Non-informative: Flat or Jeffreys.

ML Insight

Probabilistic models: Full P(θ|D) for ensembles.

3. Conjugate Priors and Closed-Form Posteriors

Conjugate: Prior family closed under likelihood.

Bernoulli-Beta: Prior Beta(α,β), likelihood Binomial, posterior Beta(α+k,β+n-k).

Normal-Normal: Prior N(μ0,τ^2), likelihood N(μ,σ^2 known), posterior N weighted.

Gamma-Poisson: Prior Gamma(α,β), posterior Gamma(α+sum x_i, β+n).

Properties

Easy computation.
Interpret α,β as pseudo-observations.

ML Application

Bayesian A/B testing with Beta.

4. Approximate Inference: MCMC Methods

For non-conjugate, sample posterior via Markov Chain Monte Carlo (MCMC).

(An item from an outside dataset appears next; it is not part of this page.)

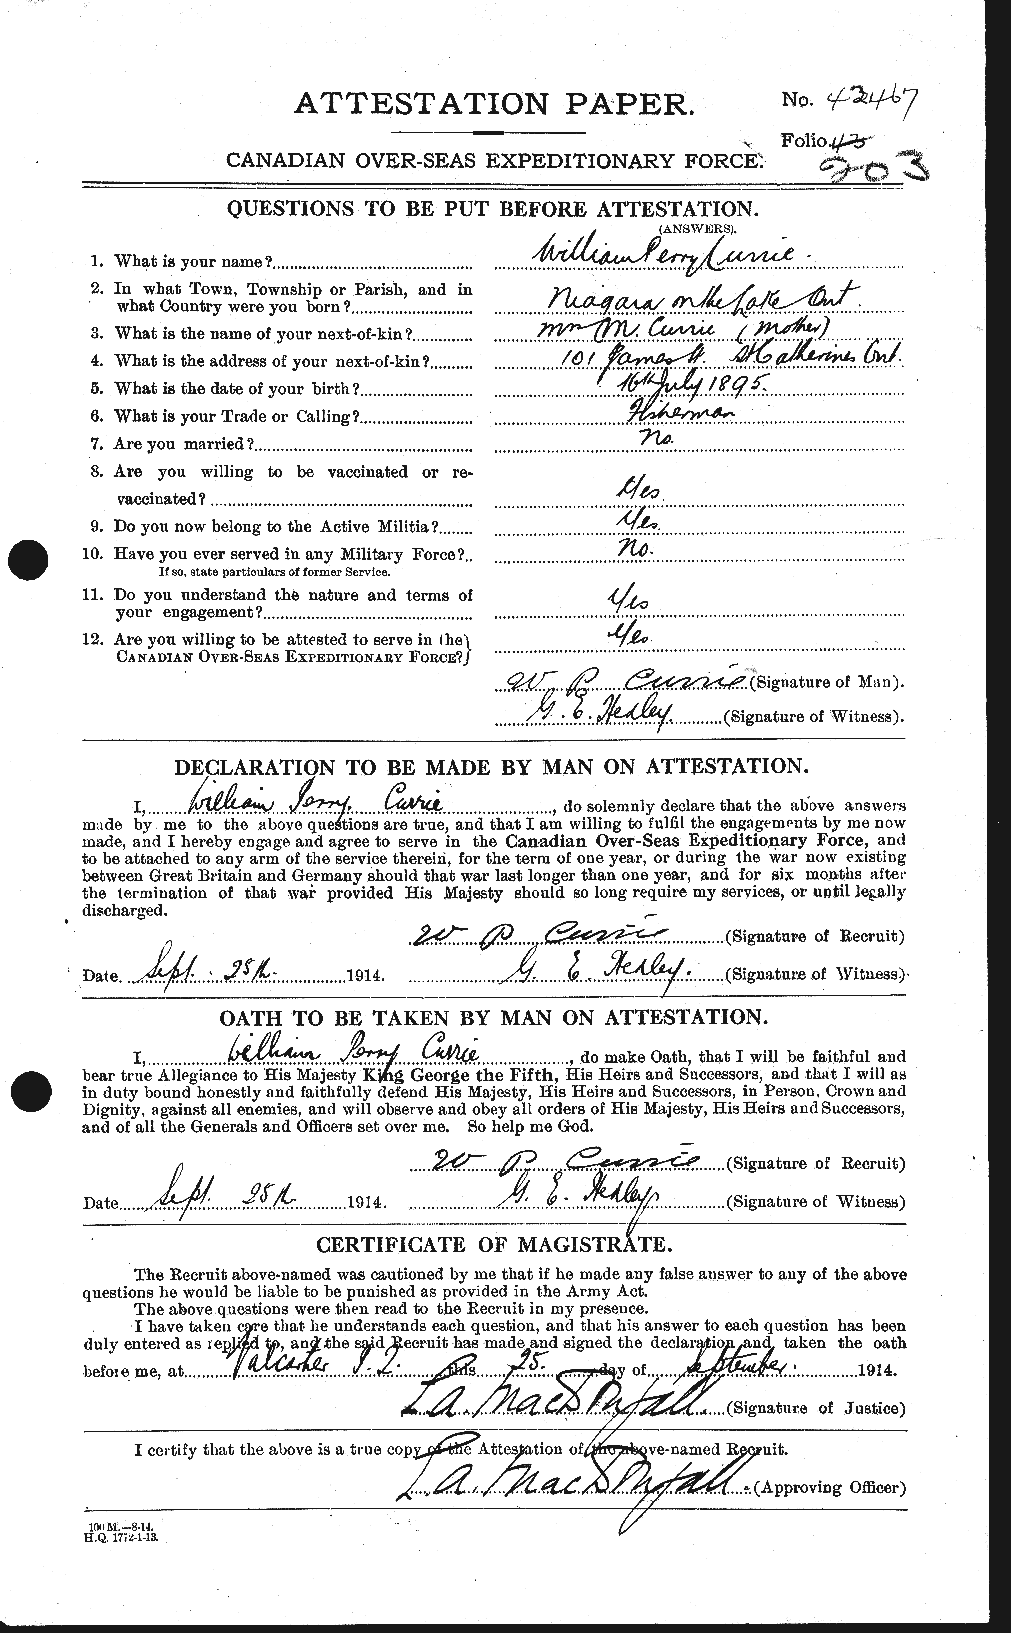 Dossiers du Personnel de la Première Guerre mondiale - CEC 071439a

Metropolis-Hastings: Propose θ’, accept with prob min(1, P(θ’|D)/P(θ|D) * q(θ|θ’)/q(θ’|θ)).

Gibbs Sampling: Sample each param conditionally.

Hamiltonian MC (HMC): Use gradients for efficient.

ML Connection

Pyro, Stan for probabilistic programming.

5. Variational Inference (VI)

Approximate posterior with q(θ|φ), min D_{KL}(q||P(θ|D)) ≈ max ELBO = E_q [log P(D,θ) - log q(θ)].

Mean-field: Assume q factorizes.

In ML: Faster than MCMC for large data.

6. Bayesian vs. Frequentist in ML

Frequentist: Point estimates, p-values. Bayesian: Distributions, credible intervals.

Bayesian advantages: Incorporate priors, full uncertainty.

Challenges: Computational cost, prior sensitivity.

7. Applications in Machine Learning

Bayesian Neural Nets: Priors on weights, posteriors for uncertainty.
Gaussian Processes: Bayesian non-param regression.
Variational Autoencoders: VI for latent.
RL: Thompson sampling with posteriors.

Challenges

Scalability: MCMC slow for big models.

8. Numerical Bayesian Inference

Sample posteriors, compute means.

::: code-group

import numpy as np
import pymc as pm
import arviz as az

# Conjugate: Beta-Bernoulli
k, n = 3, 5
with pm.Model() as model:
    p = pm.Beta('p', alpha=1, beta=1)
    obs = pm.Bernoulli('obs', p=p, observed=np.ones(k))  # Simplified
    trace = pm.sample(1000)

print("Posterior mean p:", trace.posterior['p'].mean())

# MCMC for normal mean
data = np.random.normal(0, 1, 100)
with pm.Model() as norm_model:
    mu = pm.Normal('mu', mu=0, sigma=10)
    sigma = pm.HalfNormal('sigma', sigma=10)
    obs = pm.Normal('obs', mu=mu, sigma=sigma, observed=data)
    trace_norm = pm.sample(1000)

print("Posterior mean μ:", trace_norm.posterior['mu'].mean())

# ML: Bayesian linear reg
X = np.array([[1,1],[1,2],[1,3]])
y = np.array([2,3,4])
with pm.Model() as blr:
    beta = pm.Normal('beta', mu=0, sigma=10, shape=2)
    sigma = pm.HalfNormal('sigma', sigma=10)
    mu = pm.math.dot(X, beta)
    obs = pm.Normal('obs', mu=mu, sigma=sigma, observed=y)
    trace_blr = pm.sample(1000)

print("Posterior beta mean:", trace_blr.posterior['beta'].mean(axis=0))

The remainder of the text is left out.